Empat

1.7K 139 8
                                    

Irene

Jadi beginilah rasanya menjadi seorang supervisor HRD sekaligus sekretaris pimpinan cabang. Aku harus berkejar-kejaran dengan waktu. Berkali-kali aku melihat arlojiku karena aku hanya punya waktu hingga tiga puluh menit lagi sebelum waktunya Keenan untuk boarding.

“Pak, bisa ngebut enggak sih Pak?” tanyaku pada driver kantor. Suaraku mungkin terdengar ketus karena aku sedang panik.

Satu jam yang lalu, tiba-tiba Keenan meneleponku dan mengatakan kalau dokumen yang akan digunakan untuk presentasi di Bali tertinggal di meja kerjanya. Dia memintaku untuk mengantarnya ke Bandara sebelum pesawat boarding. Dia menolak saat aku mengatakan akan meminta sekretarisnya untuk mengantarnya. Dia bilang aku yang harus mengantarkannya.

Mobil memasuki area bandara dan bergerak melambat karena ada banyak sekali mobil. Aku meminta driver untuk menurunkanku saat memasuki area terminal keberangkatan. Lebih baik aku berlari saja karena jika menunggu antrian seperti ini, sama saja membuang waktu. Aku berusaha berlari dengan cepat meski aku sedang menggunakan stiletto. Rasanya aku ingin merutuki diriku sendiri kenapa harus menggunakan stiletto hari ini. Beberapa kali aku menabrak orang dan juga hampir terjatuh. Saat akhirnya aku sampai di batas check in area, aku melihat Keenan sedang menungguku di balik pintu check in. Dia lalu meminta ijin pada petugas bandara untuk menemuiku sebentar.

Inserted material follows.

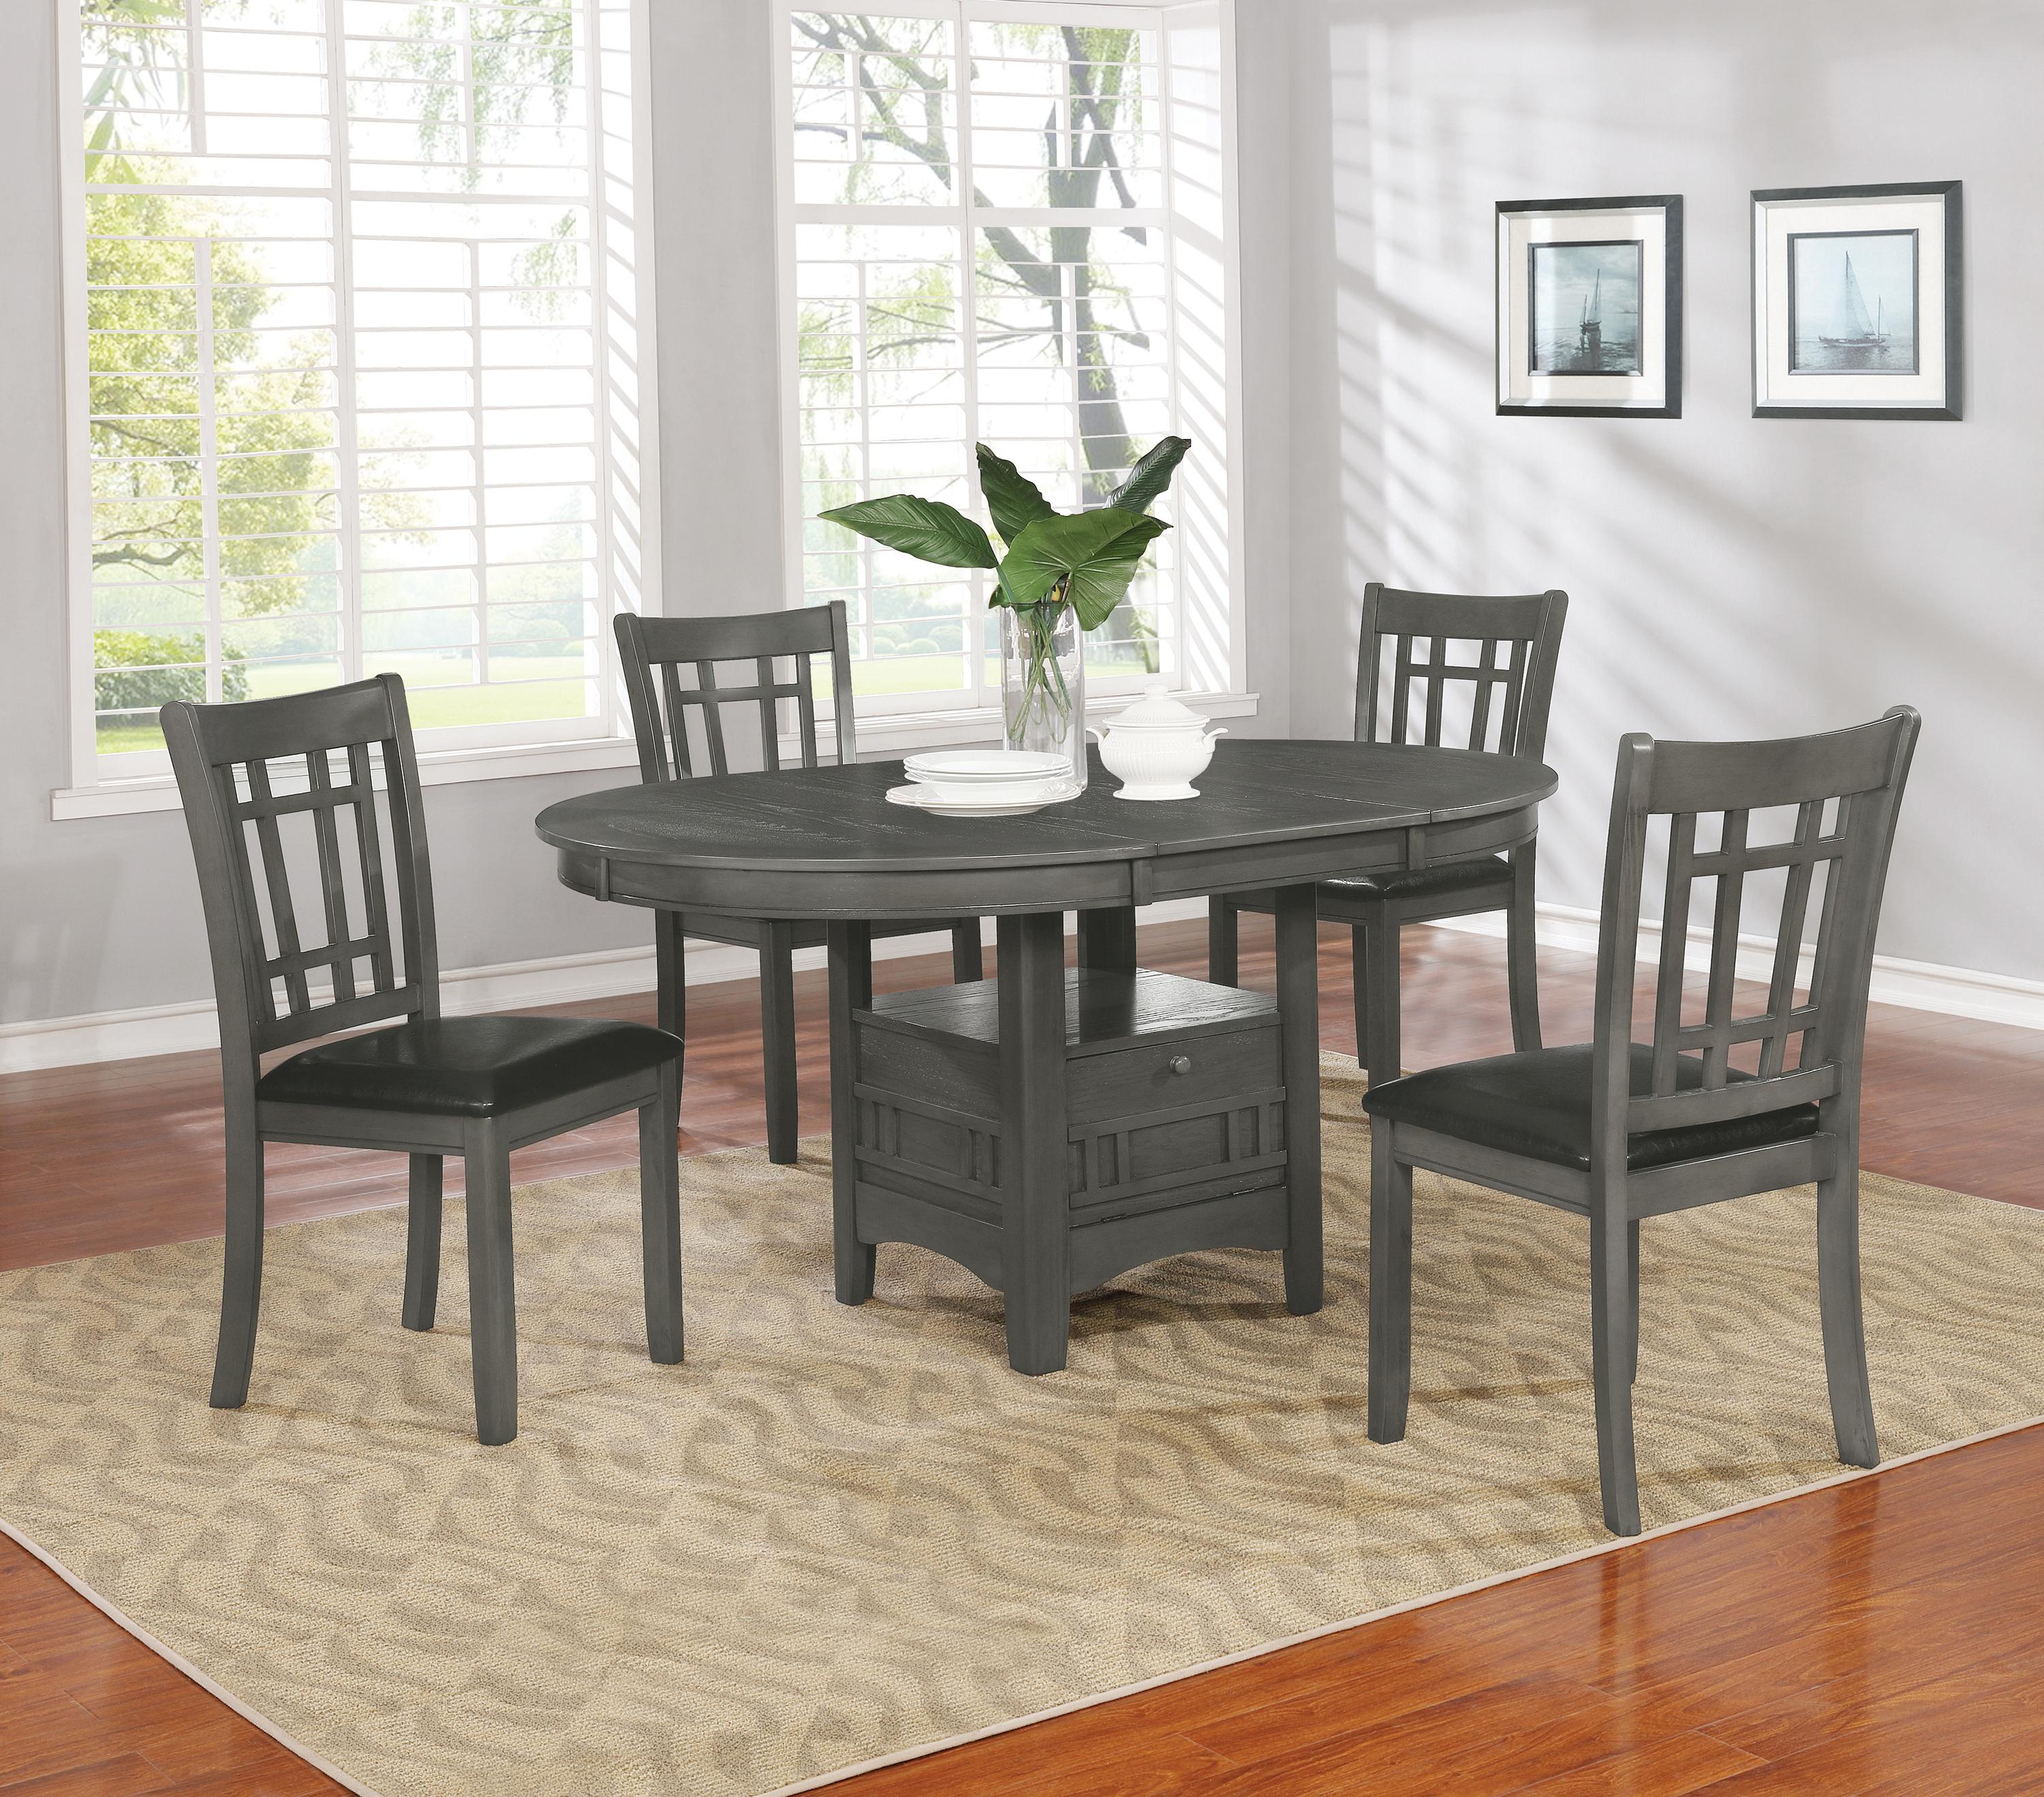 Transitional Dining Room Set 108211-S5 Lavon 108211-S5 in Gray 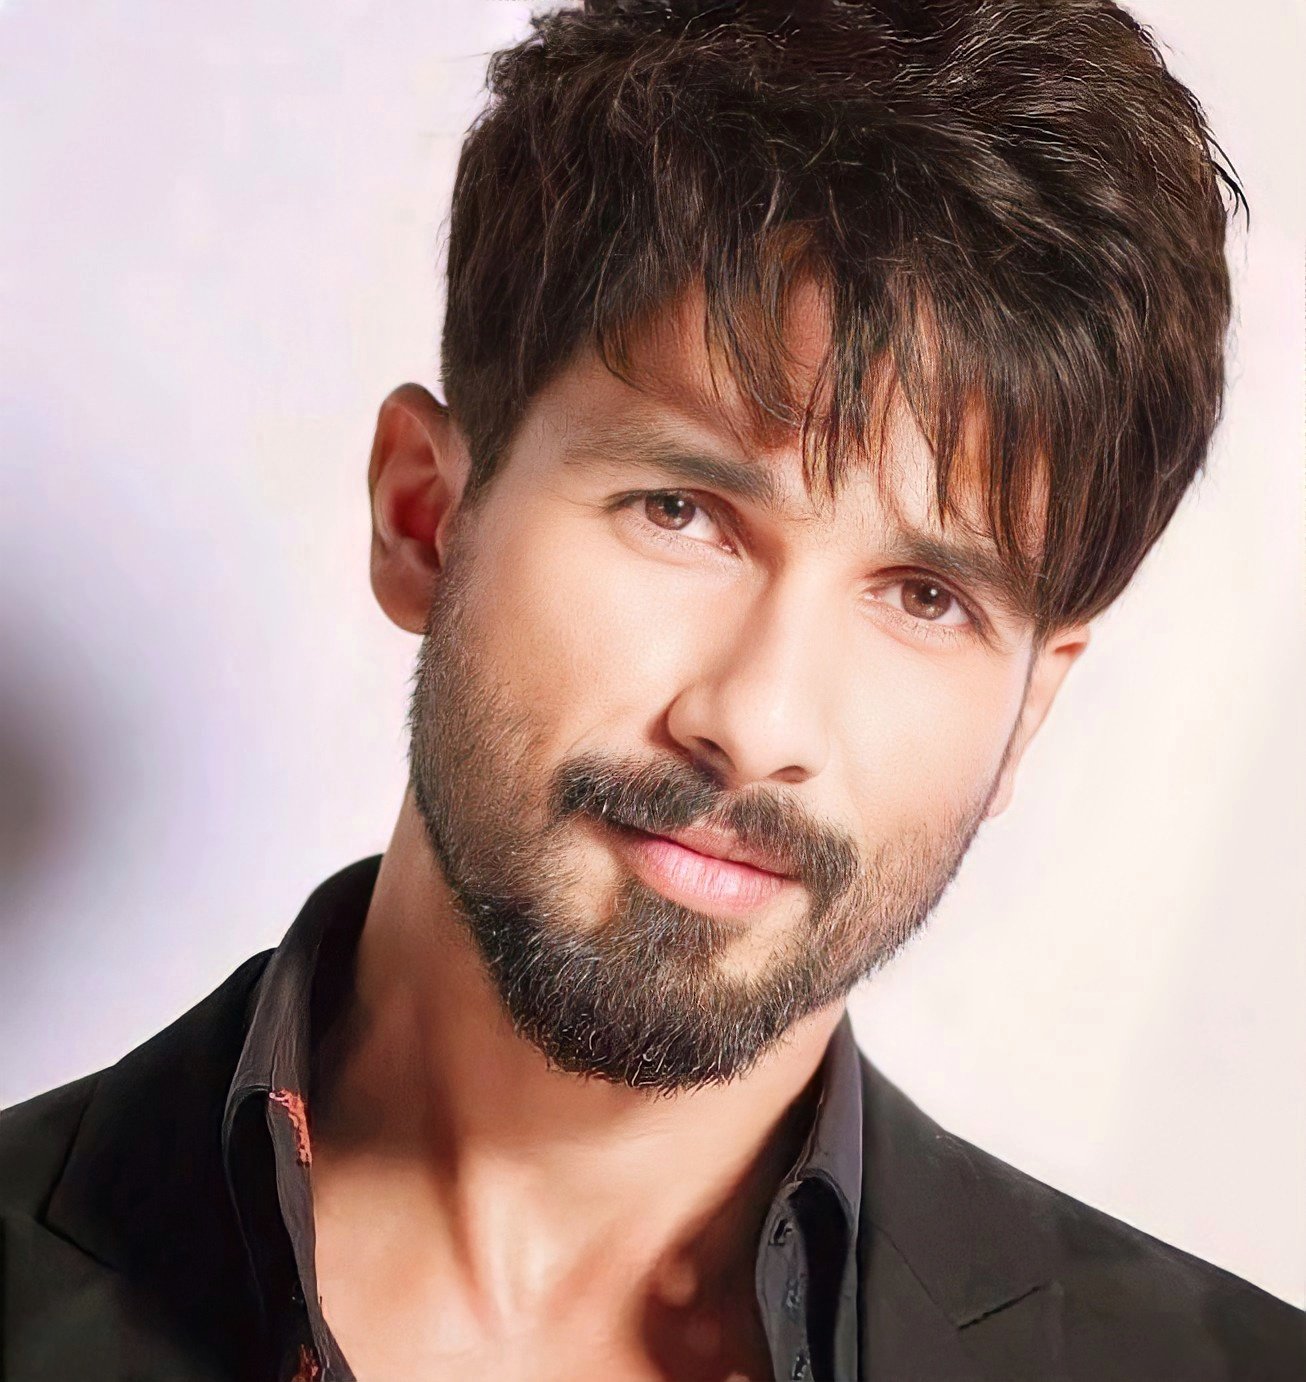 Top 18 Best Shahid Kapoor Hairstyles – Health & Healthier | Short hair  images, Try new hairstyles, Haircut images

“Maaf ya, Ren. Aku merepotkanmu.” Ucapnya saat menerima dokumen dariku. Aku hanya mengangguk saja sambil mengatur nafas.

“Tapi aku senang bisa melihatmu sebelum berangkat ke Bali.” Keenan tersenyum lebar saat mengucapkannya dan membuatku melongo. Apa juga maksud ucapannya? Batinku.

Thanks ya, Ren.” Keenan menepuk pundakku lalu berjalan meninggalkanku. Saat berada di balik pintu check in, dia berbalik dan melambaikan tangannya padaku.

Dengan kikuk, aku membalas lambaian tangannya. Kenapa rasanya seperti sedang ditinggalkan kekasih saja sampai harus melambai seperti ini? Aku merasa aneh sendiri dengan sikap Keenan. Setelah bertahun-tahun bekerja di bagian HRD, baru kali ini aku merasa tidak wajar dengan sikap pimpinanku.

Aku lalu berbalik dan berjalan perlahan. Kakiku terasa sakit setelah berlari-lari dengan stiletto ini. Aku memilih untuk duduk dan melepas stiletto-ku. Ternyata bagian atas tumitku lecet. Aah, aku merasa kesal sendiri. Aku menggerutu sembari membungkuk mengusap perlahan-lahan lecet di kakiku.

“Irene?”
Aku mendongak dan melihat Ervin sedang berdiri di depanku seraya mengamatiku. Dia mengenakan setelan jas rapi dan satu tangannya memegang koper.

“Kebetulan sekali bisa bertemu di sini.” Ucapku berbasa-basi. Aku sebenarnya tidak tahu mau berkata apa. Karena aku tidak menyangka akan bertemu dengan Ervin di sini. Tadi pagi, saat aku berangkat ke kantor, mobil Ervin masih terparkir di samping mobilku. Kamarnya juga masih sepi. Tetapi, semesta malah mempertemukanku dengannya di sini.

“Aku titip koper sebentar ya.” Ervin kemudian berjalan cepat dan menghilang diantara begitu banyak orang di bandara. Aku juga tidak tahu kemana dia pergi. Beberapa saat kemudian dia kembali dengan membawa kantong plastik putih entah berisi apa. Dia lalu berjongkok di depanku dan mengambil plester dari kantong plastik.

“Vin.” Gumamku. Aku terkejut saat melihat apa yang dilakukannya padaku. Dengan perlahan, dia menempelkan plester di kakiku yang lecet. Dia lalu menyingkirkan stiletto-ku dan meletakkan sepasang sandal jepit warna merah muda di depan kakiku.

“Sementara pakailah ini dulu untuk kembali ke kantor.” Ucapnya sebelum akhirnya berdiri. Aku masih tertegun dan tidak berhenti menatapnya. Sementara dia malah tersenyum padaku.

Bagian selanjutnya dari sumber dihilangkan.